The CNN model maps high-dimensional data input to low-dimensional feature vectors. After the loss gradient direction projection, the Jacobian matrix still has [batch-size, image-channel, image-size, image-size] dimensions. Among the available multi-way SVD methods [29], Higher-Order SVD (HOSVD) reveals universal adversarial samples when the Jacobian matrix is flattened in the batch-size dimension. According to the adversarial transferability definition that causes misclassification between different models under the same perturbation and sample, the calculation of the transferability metric should be sample-centric between different models. Thus, HOSVD is not a sample-centric transferability evaluation method and has a high computational cost with high-dimensional operations and constraints. Similarly, the two-Way SVD on Average of X method ignores the sample-centric definition of transferability, and the singular values and singular vectors calculated from Canonical Polyadic Decomposition cannot have a sample-to-sample correspondence. The singular value matrix under different samples can be obtained, using the Replicated SVD, and the dimension of the singular value matrix is compatible with the image size to reduce the computational complexity and memory footprint of the GPU operation. In order to obtain sample-centric singular value decomposition regarding the computational cost of the high dimensional matrix, the Jacobian matrix is merged after loss projection in batch-size and image-channel dimensions. Finally, the 2D batched SVD decomposition is achieved through Replicated SVD in the dimension [image-size, image-size]. This is also the main calculation difference compared with the method depending on the adversarial sample generation. Although the proposed method does not generate adversarial samples, it makes a numerical evaluation.

4.3 Training routine of ensemble based on transferability metrics

After calculating the transferability metric between different sub-models for network ensemble training, the obtained metric is added with traditional classification loss as a common term. After obtaining the constraints loss of each sub-model, this section follows the parameter optimization using the ensemble as the whole model. Equation (10) shows the overall loss function for the optimization problem.

$$ \text{ensemble\_loss} = \lambda \sum\limits_{i=1}^{N} l_{\text{class}}\left( f_{i}(x), y\right)+\sum\limits_{i=1}^{N} \text{Metric\_trans}_{i,j\neq i} $$

(10)

Algorithm 2 shows the algorithm flow of the overall optimization process. It indicates the importance of the L₂ regularization of the Jacobian matrix and gradient clipping in practice while updating parameters. The validity of the Wasserstein distance solution can be guaranteed under the first-order approximation.

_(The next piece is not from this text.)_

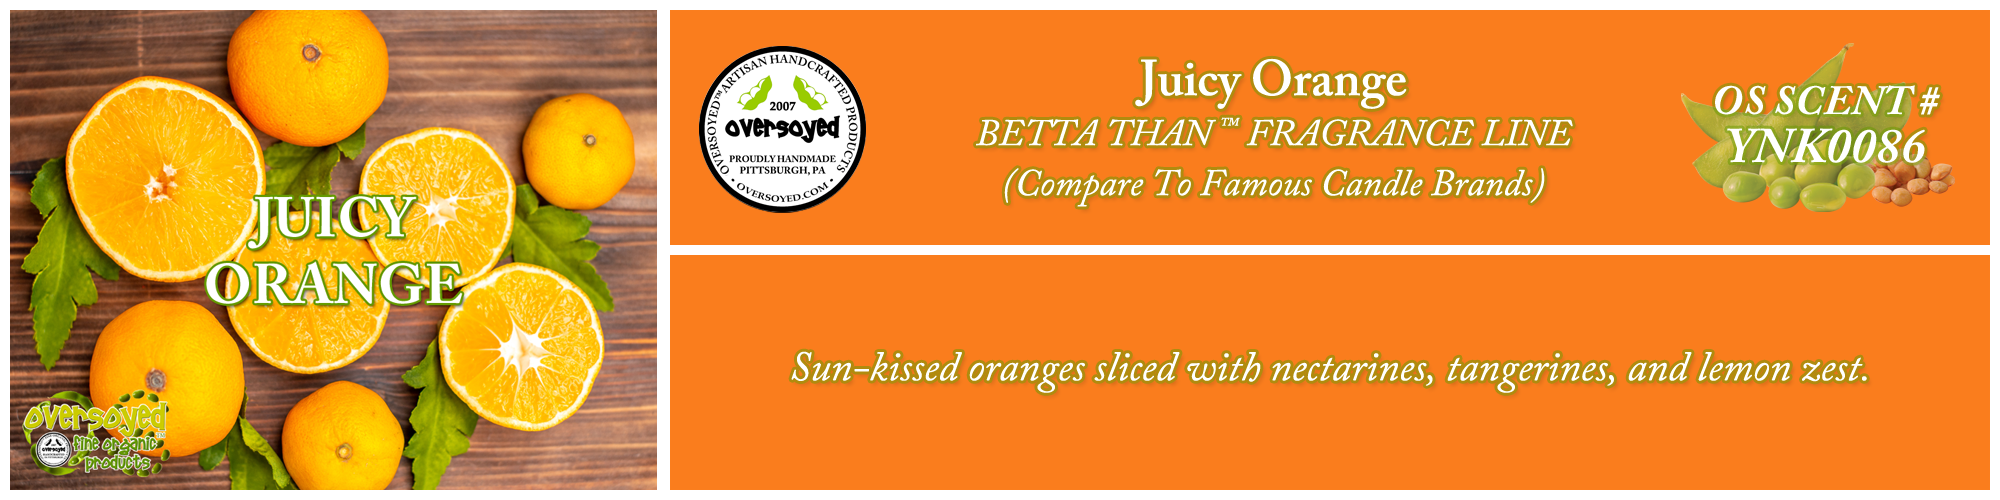 Juicy Orange Handcrafted Products Collection

Different experimental settings are all trained in parallel on 4 GPUs. The batch size and the initial training rate are 100 and 0.001, respectively, and the sub-model architectures are all ResNet-20 [30]. The experiment proves the same conclusion as DVERGE during training. Accordingly, an Adam optimizer can obtain better isolate transferability starting from scratch. It should be emphasized that the parameter update in this paper does not depend on any adversarial sample generation process, and there is no random factor from the random initialization of the adversarial samples to improve the diversity. The transferability constraints on the ensemble model are only derived from the evaluation metric.

5 Experiment and results

The experiment was first preliminarily verified on the CIFAR-10 dataset [31]. The benchmark model as Baseline is an ensemble network with ResNet-20 as the sub-model architecture. Each sub-model employs the cross-entropy loss as the optimization goal. The training parameters of batch-size were set as 128, while the learning rate was 0.001. The Adam optimizer is employed for 200 epochs of model training, and the learning rate decays by a factor of 0.1 at 100 and 150 epochs respectively. Taking the baseline model as the benchmark performance, the comparison models such as ADP, GAL, and DVERGE are obtained under the same parameter conditions and model architecture with different transferability constraints in the loss function. Among different constraint methods, the ensemble models of Baseline and Adversarial training [32] set the optimizer and loss function of each sub-model to train independently to ensure the sub-models irrelevance. The sub-model architecture, training parameters, and optimizer are the same as the benchmark setting for the proposed transferability metric. Under the same training parameters, the following section presents a fair and effective comparison of the models trained with different constraints.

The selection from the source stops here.